5 First aid knowledge of other accidents in the laboratory






(1) Glass cut: Generally, light injury should be squeezed out in time, and the glass fragments should be taken out with sterile tweezers. Wash the wound with distilled water, apply iodine, and then bandage with band-aid or bandage; large wound should be used immediately. The bandage tightened the upper part of the wound, causing the wound to stop bleeding and rushing to the hospital for treatment.




(2) Scalding: When burned by flame, steam, red hot glass, iron, etc., immediately wash or soak the wound with plenty of water to quickly cool down to avoid temperature burns. If it is blistered, it should not be broken. Apply gauze and then send it to hospital for treatment. For minor burns, apply some cod liver oil or scalding ointment or scented oil to the wound. If the skin is blistering (secondary burn), do not break the blisters to prevent infection; if the skin is brown or black (three-level burn), apply a dry and sterile sterile gauze and gently wrap it in the hospital.




(3) Burned by acid, alkali or bromine:


(a) When the skin is burnt by acid, rinse it with plenty of running water immediately. (If the skin is contaminated with concentrated sulfuric acid, avoid flushing with water first, so as to avoid the strong heat release when the sulfuric acid is hydrated, and the injury should be aggravated. You should first remove the concentrated sulfuric acid with a dry cloth, then Rinse with water), rinse thoroughly, neutralize with 2 to 5% sodium bicarbonate solution or soapy water, and finally rinse with water and apply the Vaseline.


(b) The lye burn should be washed immediately with a large amount of running water, further rinsed with 2% acetic acid or 3% boric acid solution, and finally rinsed with water, and then coated with petrolatum.


(c) Immediately wash the phenol with 30% alcohol, rinse it with plenty of water, and then apply it with a saturated solution of sodium sulfate for 4 to 6 hours. Since the phenol is diluted with water by 1:1 or 2:1, it is instantaneous. Can increase the damage of the skin and increase the absorption of phenol, so do not rinse the contaminated surface with water first. After the above burns, if the wound surface blisters, it is not appropriate to break the blisters. After serious treatment, the seriously injured person was rushed to the infirmary.




(4) Acid, lye or other foreign matter splashed into the eyes:


(a) The acid splashed into the eyes, rinsed immediately with plenty of water, and rinsed with 1% sodium bicarbonate solution.
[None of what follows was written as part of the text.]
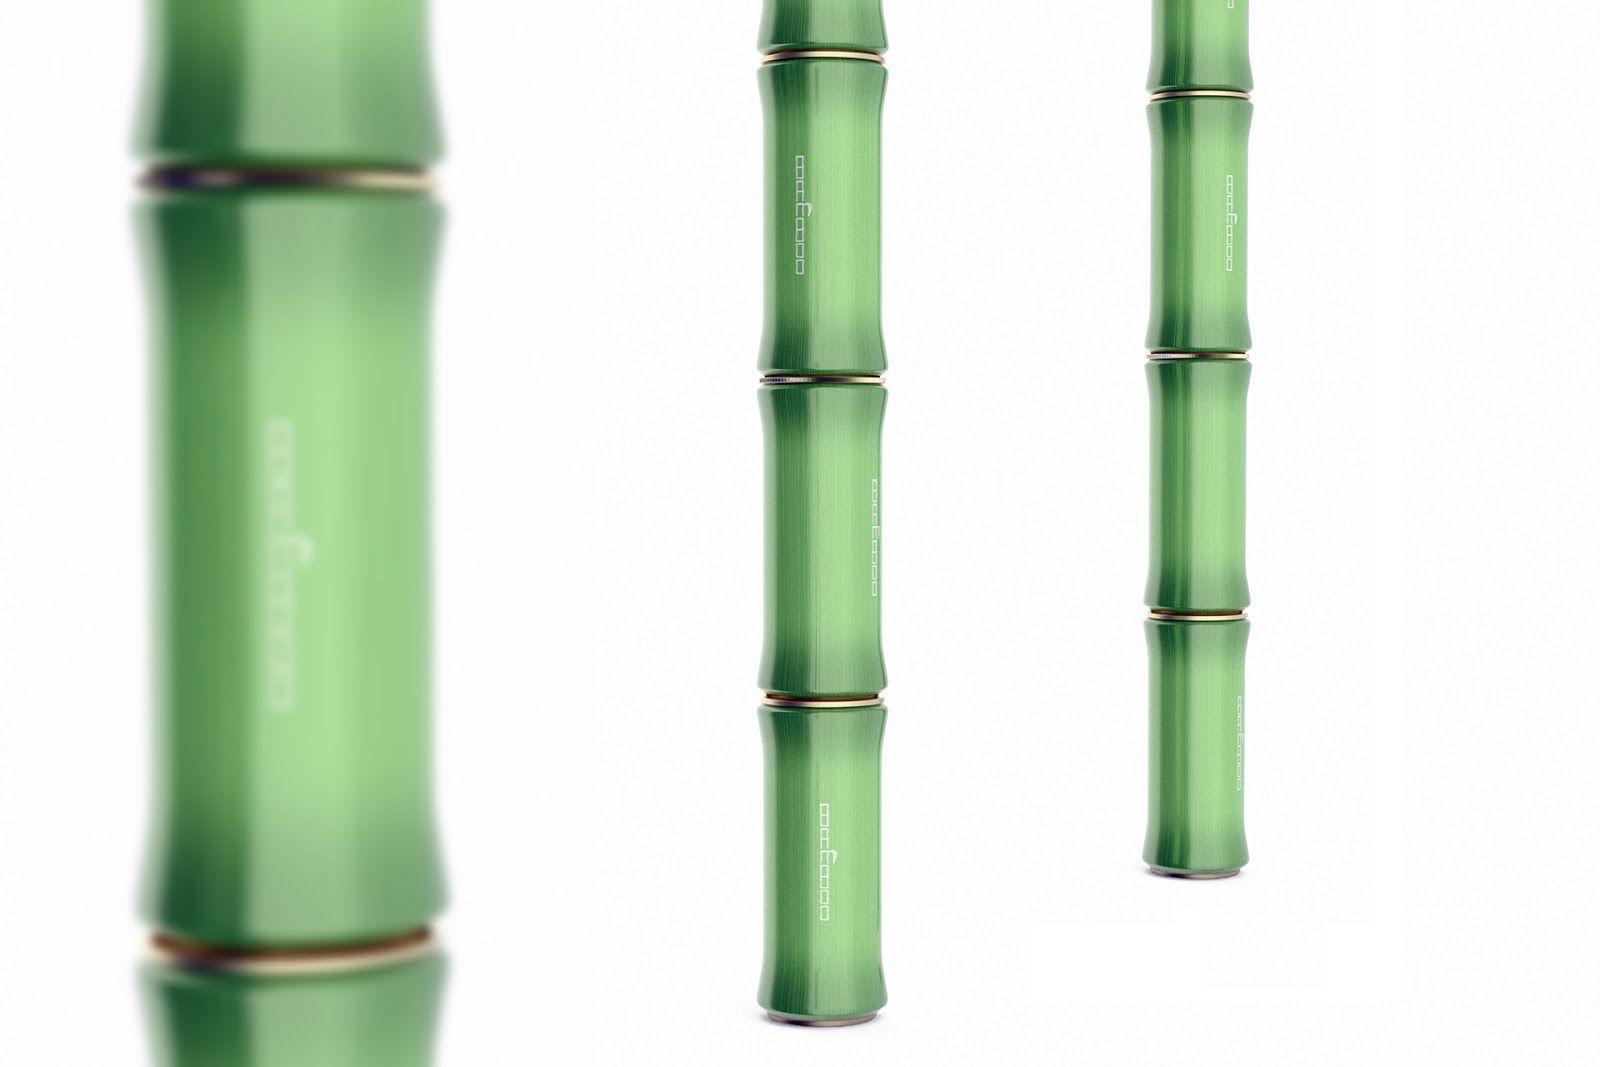 Bamboo (boisson de bambou) I Design (concept) : Marcel Sheishenov, Bishkek, Kyrgyzstan (juillet 2017)

(b) If it is an alkali solution, rinse immediately with plenty of water and rinse with 1% boric acid solution. Keep your eyelids open when you wash your eyes. You can help open the eyelids and continue to rinse for 15 minutes. Severely injured patients were sent to hospital for treatment immediately after initial treatment.


(c) If foreign matter such as wood chips or dust particles can be opened by others, gently remove the foreign matter with a sterile cotton swab, or allow it to shed tears. After the foreign matter is discharged, add a few drops of cod liver oil. It is dangerous if the glass swarf enters the eye. At this time, try to keep calm. Never rub it with your hands. Don't let others turn your eyes. Try not to turn your eyes, let them cry, and sometimes the debris will flow out with tears. After gauze, gently wrap your eyes, immediately send the injured to the hospital.




(5) For strong acid corrosion poisons, first drink a lot of water, then take aluminum hydroxide paste, chicken protein; for strong alkaline poisons, it is best to drink a lot of water, then take vinegar, sour juice, chicken protein. Do not infuse the milk with acid or alkali poisoning. Do not take vomiting agents.




(6) Mercury can easily enter the human body through the respiratory tract, and can also be directly absorbed by the skin to cause cumulative poisoning.


The signs of severe poisoning are metallic odor in the mouth, exhaled gas also smells; saliva, black on the gums and lips with mercury sulfide; swollen lymph glands and salivary glands. If you are inadvertently poisoned, you should be sent to the hospital for emergency treatment. In acute poisoning, the stomach is thoroughly washed with toner or vomiting agent, or protein (such as 1 liter of milk plus 3 egg whites) or castor oil is detoxified and vomited.